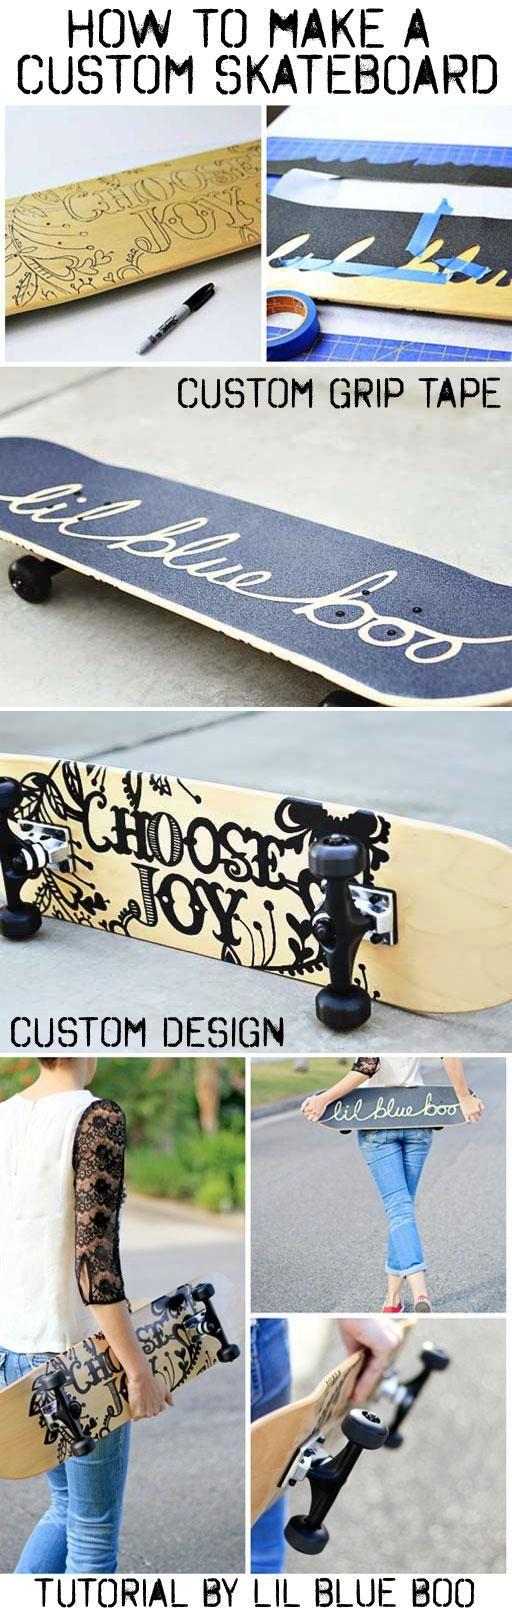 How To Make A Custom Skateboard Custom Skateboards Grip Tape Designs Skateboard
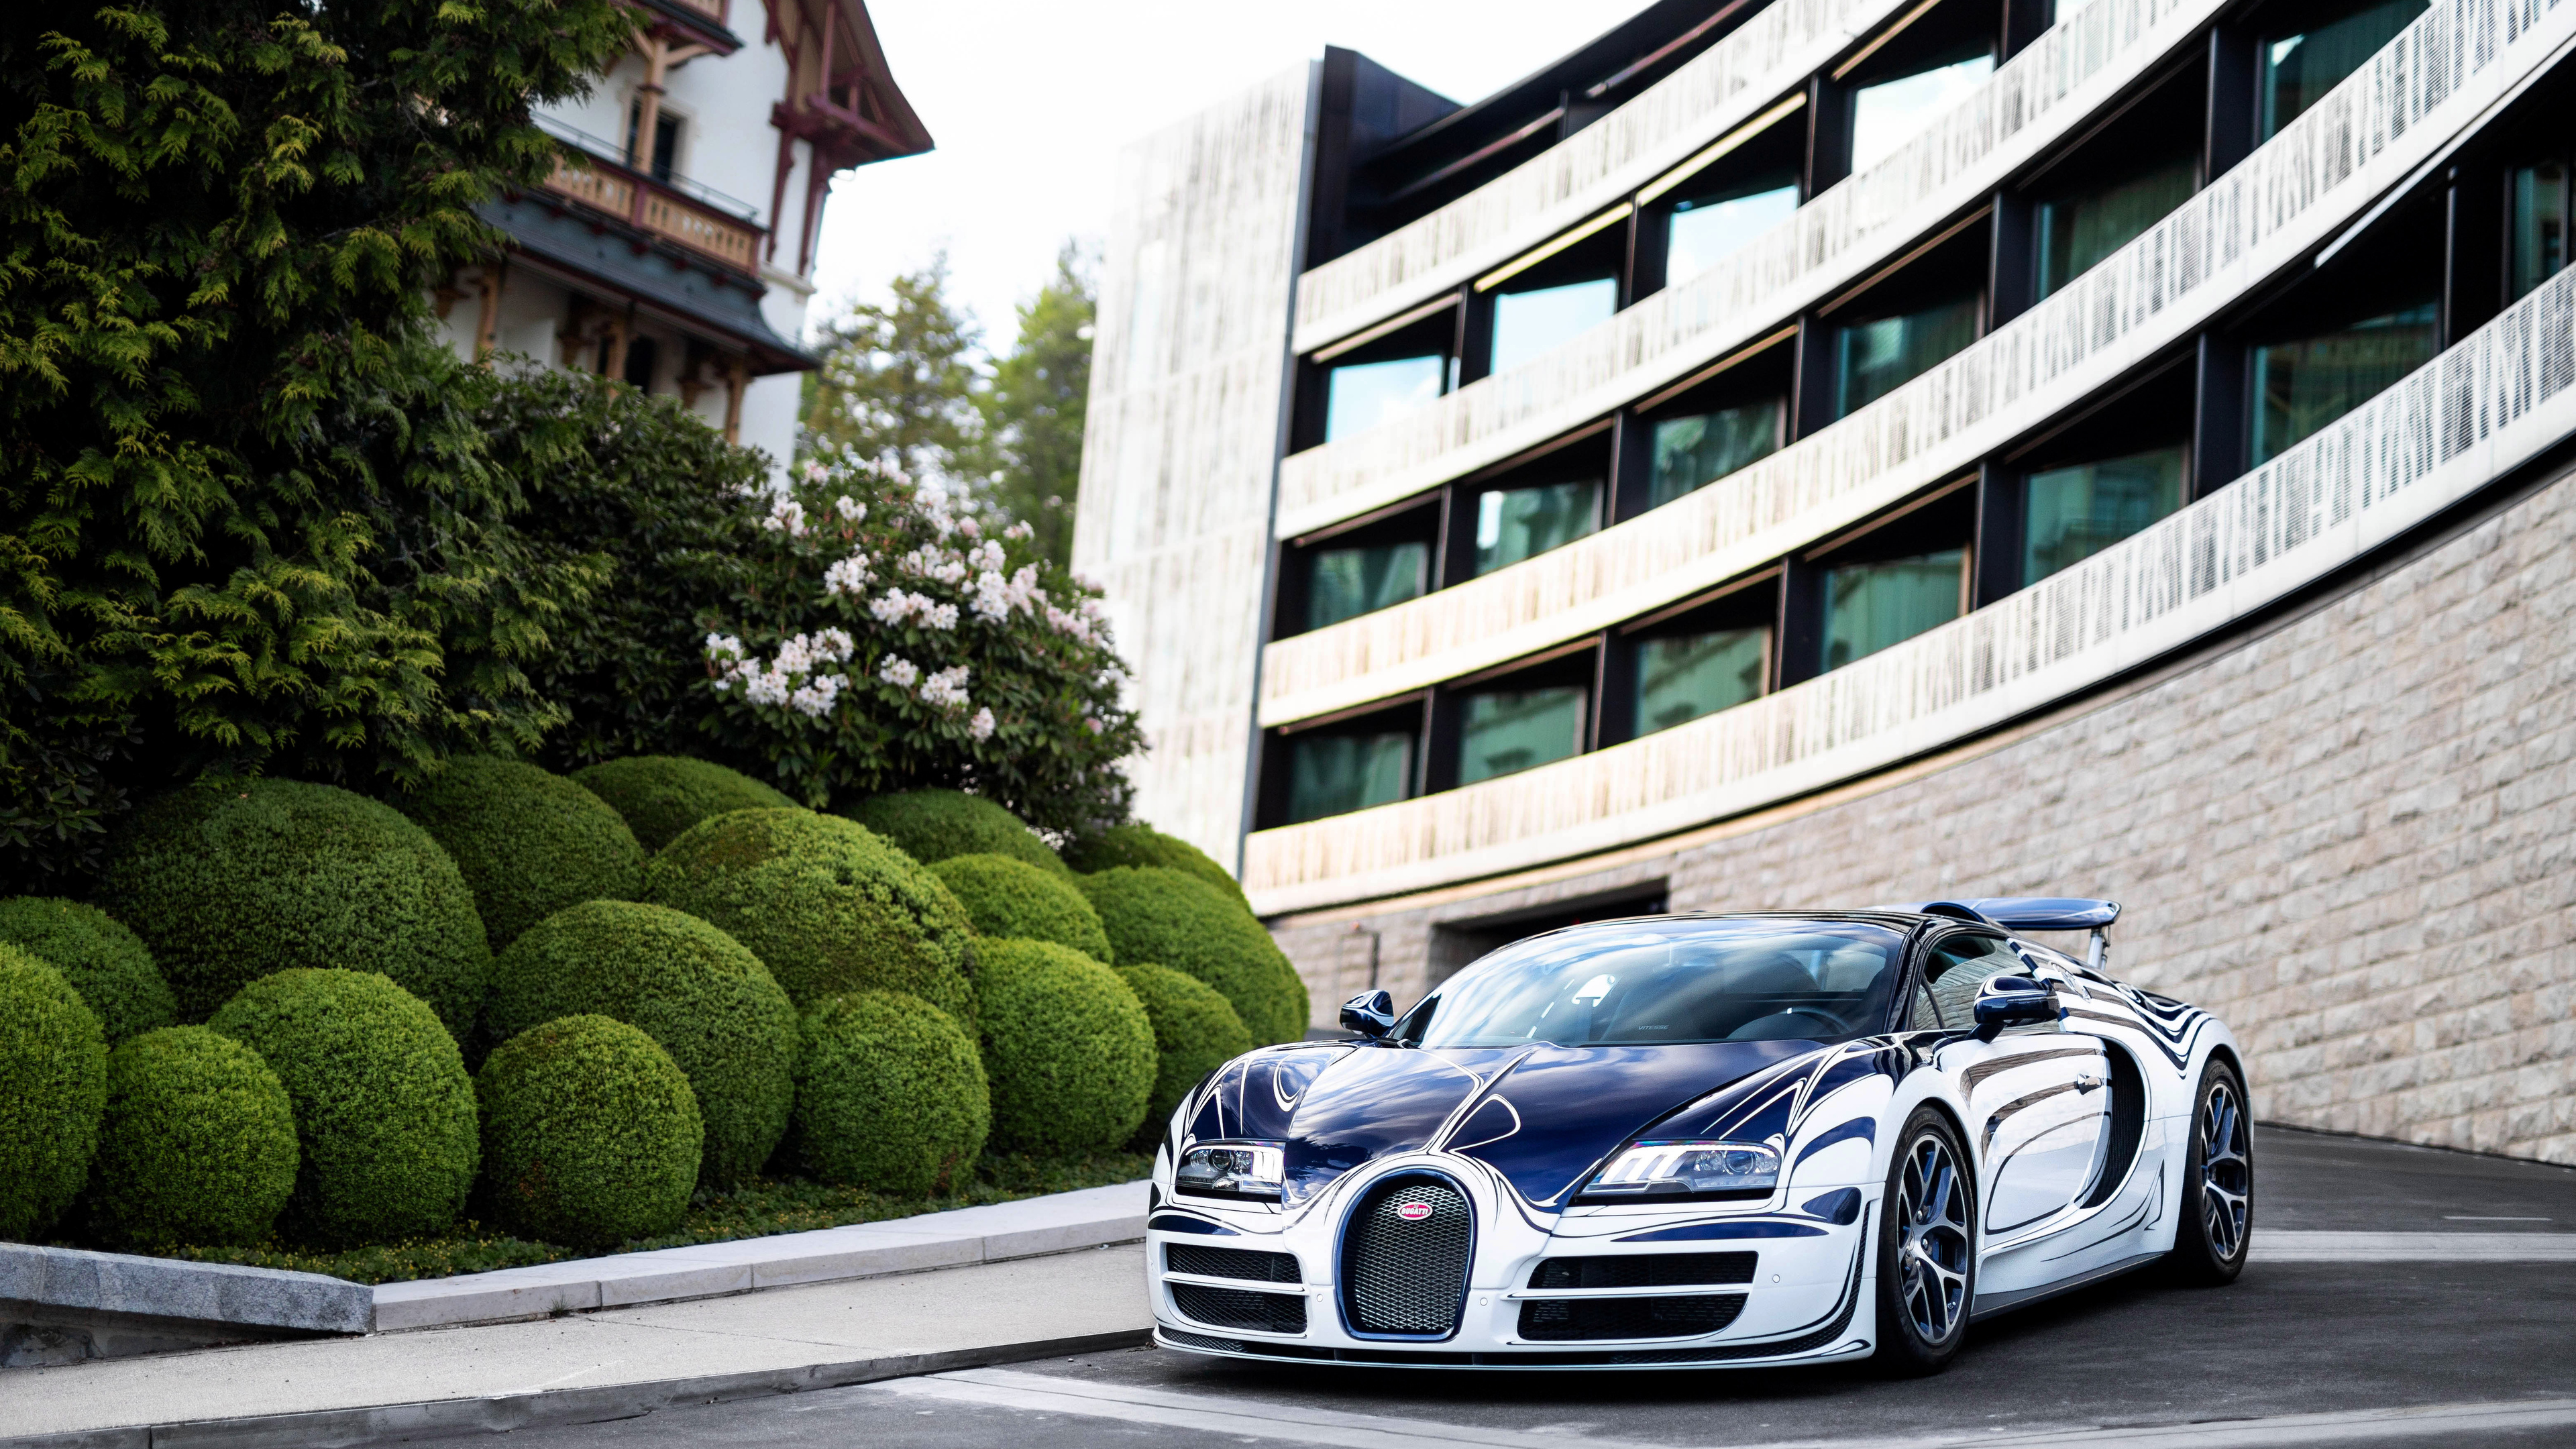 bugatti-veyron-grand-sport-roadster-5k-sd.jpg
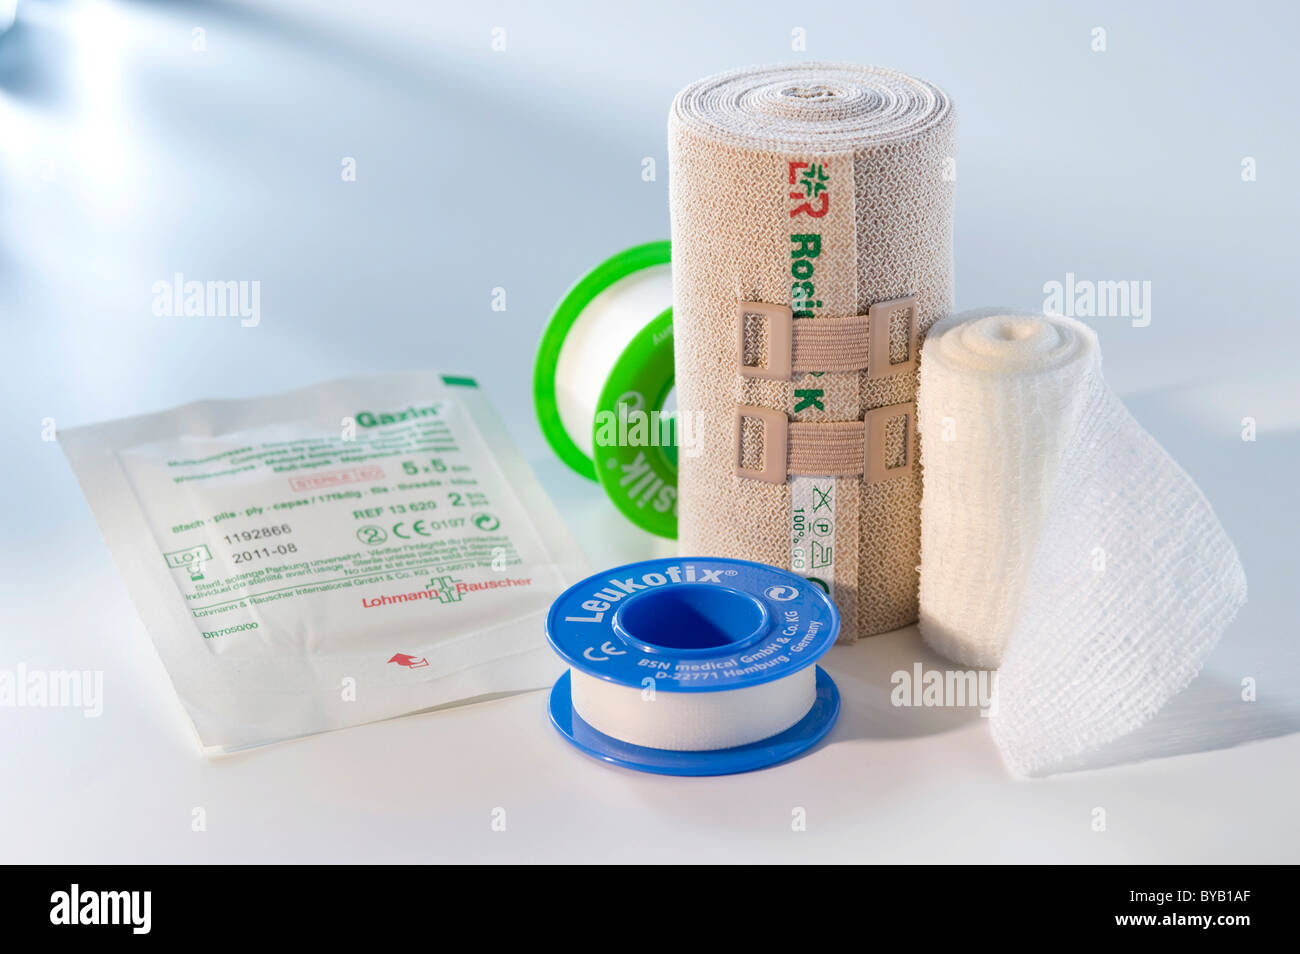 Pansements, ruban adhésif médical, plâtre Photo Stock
☆ ☆ ☆ ☆ ☆ ☆ ☆
Write out the whole listing exactly, and drop the pictures.

 How To Make A Custom Skateboard Custom Skateboards Grip Tape Designs Skateboard
 bugatti-veyron-grand-sport-roadster-5k-sd.jpg
 Pansements, ruban adhésif médical, plâtre Photo Stock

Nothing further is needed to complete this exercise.